Funny, there was a camp bow wow here where I live.
We boarded our 9 yr old dobie there while we went on our first cruise. He was not himself for WEEKS after spending 5 days there. This was the last time we went on vacation or boarded him anywhere. It was like he was lost mentally. He couldn't walk for a few days when he got home. We never found out what happened to him. Whenever called to ask, they said he just didn't socialize much, laid in his cage and didn't move around the 5 days he was there.

Previous to this boarder we used to take our 2 boys to a family run boarding place. This was a place in someone's home.
They had lots of land, great runs, and warm places for them to sleep.
Our boys would practically RUN from our car to them. I believe they were treated so well the dogs hated to leave and looked forward to being there. It "showed" in their behavior.
sadly these great people decided to retire., hence the move to camp bow wow.

I agree with everyone else. Listen to your pup.


----------



## Eiros (Jun 30, 2011)

i know a few people who've taken pups to camp bow bow... i havent heard a lot of good things honestly...


----------



## Msmaria (Mar 2, 2013)

Definitely listen to your dog. My dog tells me if he likes a place of not by how he acts when I pick him up. If he goes back and noses the person, he likes it there. If he comes and hides behind me when picked up I dont take him back there no matter how good other reviews are.
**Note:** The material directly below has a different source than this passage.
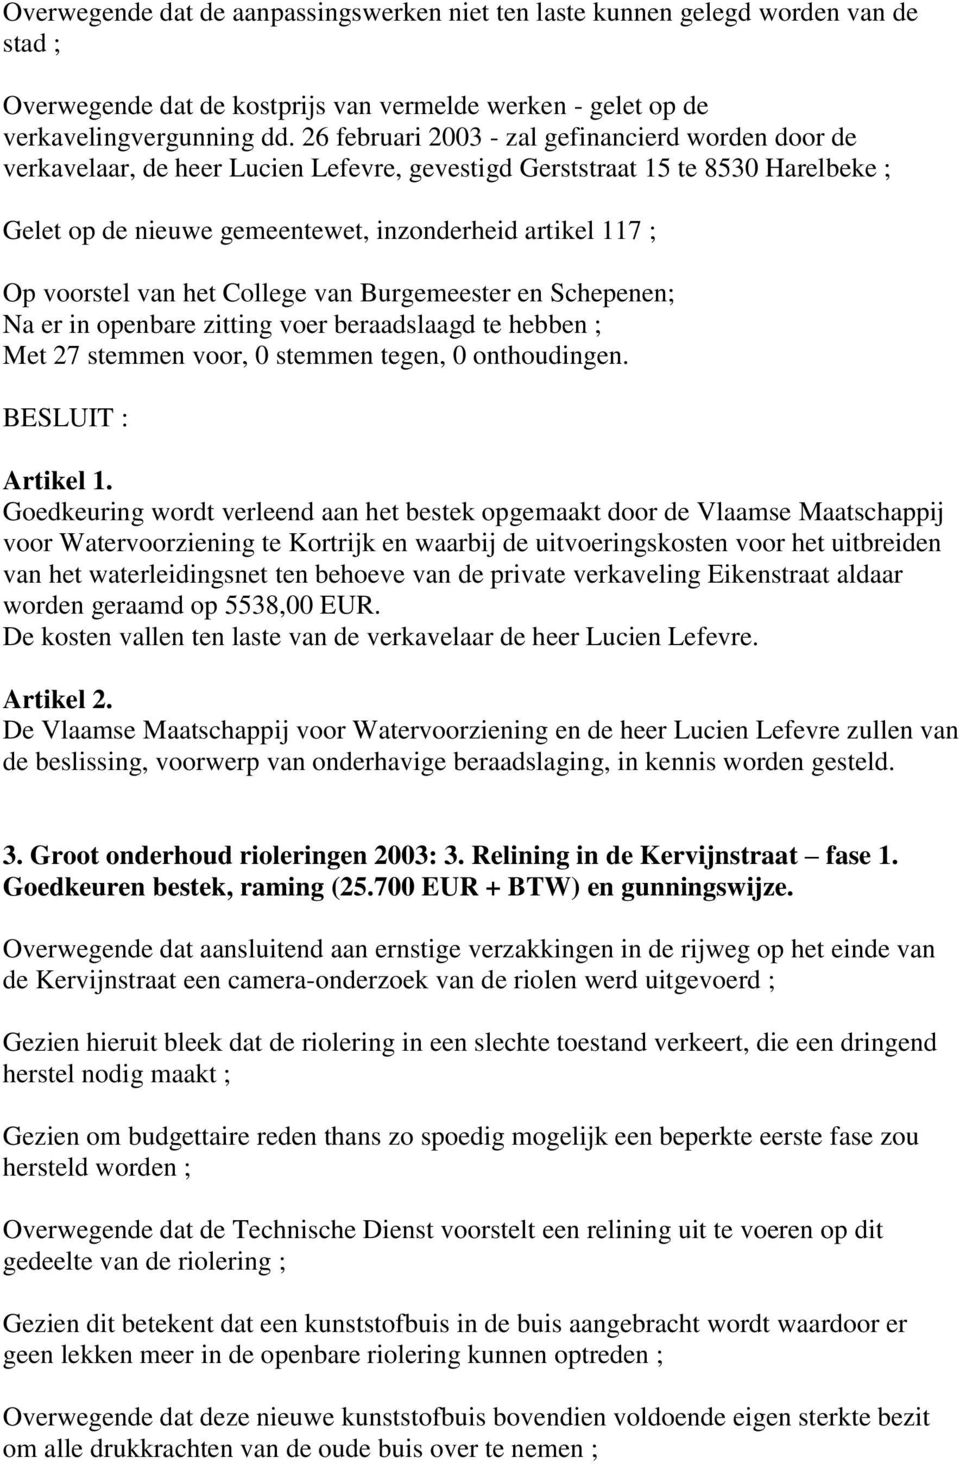 voorstel van het College van Burgemeester en Schepenen; Na er in openbare zitting voer beraadslaagd te hebben ; Met 27 stemmen voor, 0 stemmen tegen, 0 onthoudingen. BESLUIT : Artikel 1.

Theres a camp Bow Wow in Southern California. We only went once. Dexter did not like it and he also tried to hump my maltipoo when he got home from his first day. A double No No. Petsmart (another commercial day camp) has worked for us though. We switch between that one and a private ran day camp (with limited hours and farther away)because Dexter loves the staff at both. If he ever shows me hes not happy there I wouldnt take him back.


----------



## pets4life (Feb 22, 2011)

if you payed for more days than u used make sure you get that money back


----------